Schematic of a) flow-resistive pressure drop (Pfr) versus flow diagram in presence of flow-limitation and b) in case of dynamic compression of airways combined with volume dependence of resistance in the absence of choke points. In a) the arrow indicates the onset of expiratory flow limitation. In b) there are three schematic isovolume pressure/flow curves (thin lines) at 25% (#), 50% (¶) and 75% (+) vital capacity (VC). On the same plot a schematic pressure/flow loop during a tidal breath is also shown (thick line). This last plot takes into account the increase in resistance as lung volume decreases. Thus, if the expiration starts for instance at 50% of VC, the quiet-breathing (QB) loop at the beginning will be very close to the isovolume pressure/flow curve at 50% VC. Then the lung volume will decrease, leading to the separation of the QB loop from the 50% VC isovolume curve and then approaches, for instance, the 25% isovolume curve at the end of expiration. The schematic was drawn by hand and the values of 50 and 25% of VC for end inspiration and end expiration are arbitrary and considered only for clarity.
Ideally, the authors would have preferred a gold standard methodology that only detected complete EFL produced by choke points. In practice, the comparator used encompassed the possibility of no flow limitation with volume dependence of resistance combined with early dynamic compression of airways insufficient to limit flow and also of partial EFL by choke points in some parallel pathways but not in others. Measurement of Xrs is likely to be insensitive to the volume-dependent effects, sensitive to complete EFL and intermediate with partial EFL. A false-positive M‐W analysis due to early dynamic compression and volume dependence of resistance would appear as a lack of sensitivity of Xrs indices to detect EFL. As this was never seen over the optimal range of threshold values (table 2⇑ and fig. 4⇑), false-positive results with this method are probably rare.
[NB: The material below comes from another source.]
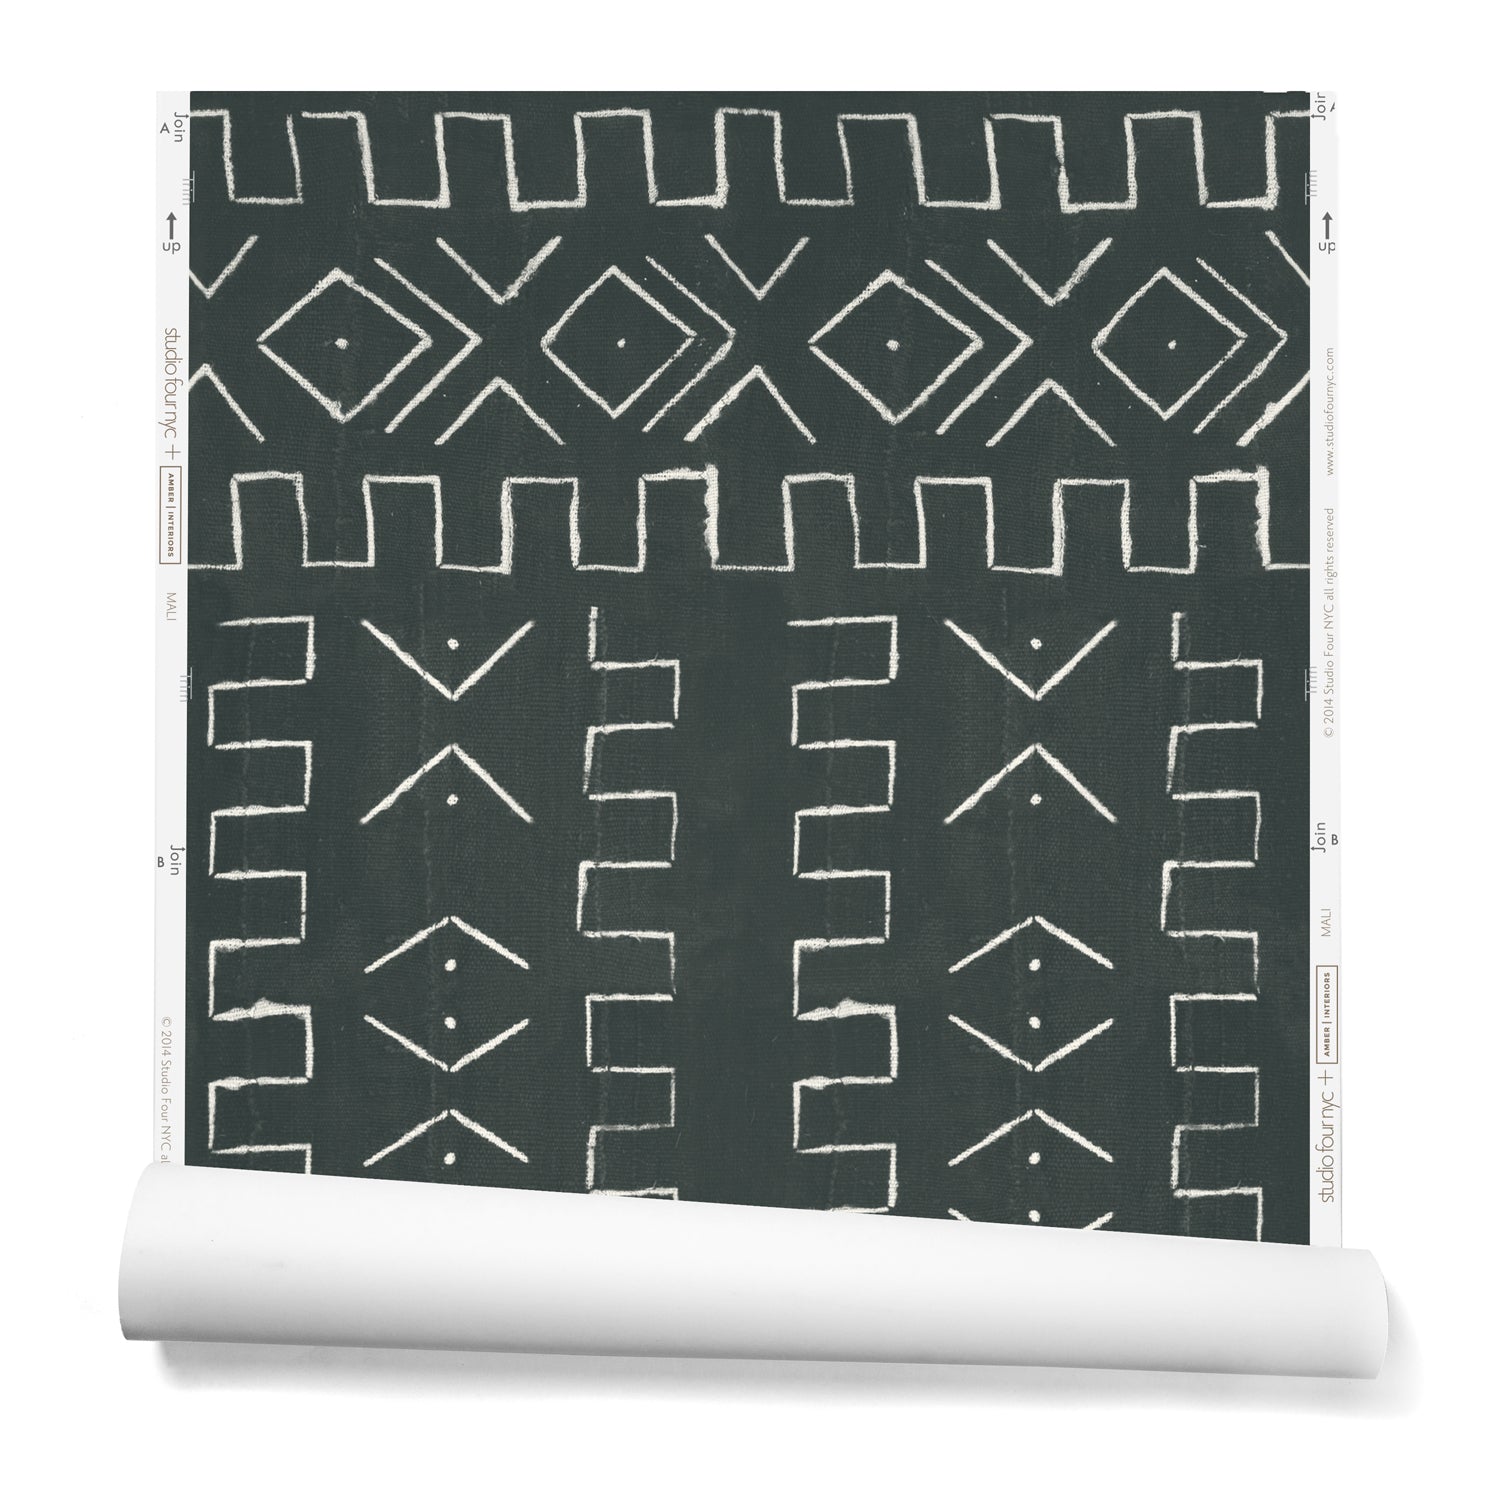 A partially unrolled roll of wallpaper in a minimalist African-inspired line design of painted white on a charcoal background.
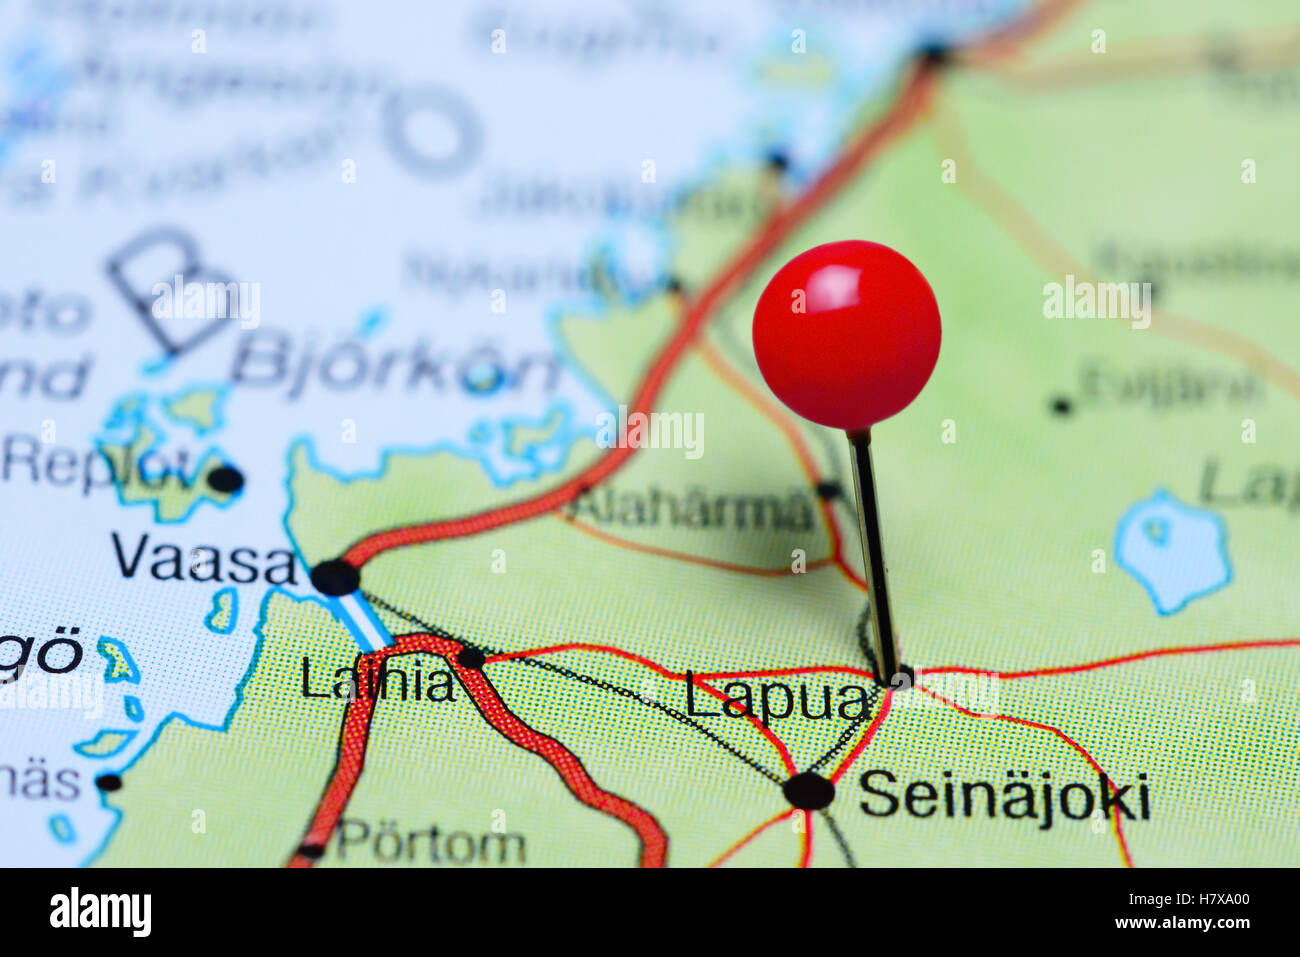 Lapua pinned on a map of Finland Stock Photo

If partial flow limitation had caused a false-positive M‐W analysis that was also detected by Xrs analysis, the sensitivity curves in figure 4⇑ would have reached 100% earlier, leading to a large optimal range. The fact that these ranges were small for Xexp and Xpeak-to-peak argues against this being a significant problem. If Xrs analysis were insensitive to partial EFL it would again reduce the test sensitivity, which was not the case.
The transition from NFL expiration to complete EFL has not been carefully studied. Sophisticated modelling combined with careful physiological measurements during this transition are needed to clarify this issue. The forced oscillation method can help by giving a quantitative estimate of the degree of EFL. Xrs should fall as each new choke point develops by an amount dependent on the elastic properties of that part of the tracheobronchial tree subtended by the airway in which the choke point occurs. However, the degree of Xrsreduction during EFL also depends on the mechanical properties of airway walls (which may be hypercompliant in COPD 22) and on the location of the choke points. Nevertheless, in this study, the intrasubject variability of airway wall properties or location of choke points did not prevent the definition of a single threshold value (independent from subject characteristics) that reliably indicates the presence or absence of EFL.
In this study, the authors have developed indices from Xrs measurements that detect EFL robustly. From these indices they were able to identify threshold values, obtained in a limited number of patients, between which sensitivity and specificity were 100%. In a larger patient population it is possible that these thresholds may change somewhat. This clear separation of values also precluded the use of receiver operator characteristic analysis.
Although all the indices detected EFL, each had advantages and disadvantages. ΔXrs presented the clearest separation between FL and NFL breaths in the sensitivity-specificity plots (fig. 4⇑). Moreover, this index is less dependent on baseline airway mechanics being based on a relative change rather than an absolute value. Indices based on mean values are more robust because they are less affected by signal noise, but must be computed using the whole breath. The index based on the minimum expiratory Xrs is well suited to study changes in flow limitation during the breath; the point when the actual Xrs value falls below the threshold indicates the onset of flow limitation that persists until Xrs returns to values higher than threshold. This index could be used to detect the VL at which EFL occurred (and thus to automatically compute, for instance, the percentage of a tidal breath that is FL) and the relative value of the limiting flow.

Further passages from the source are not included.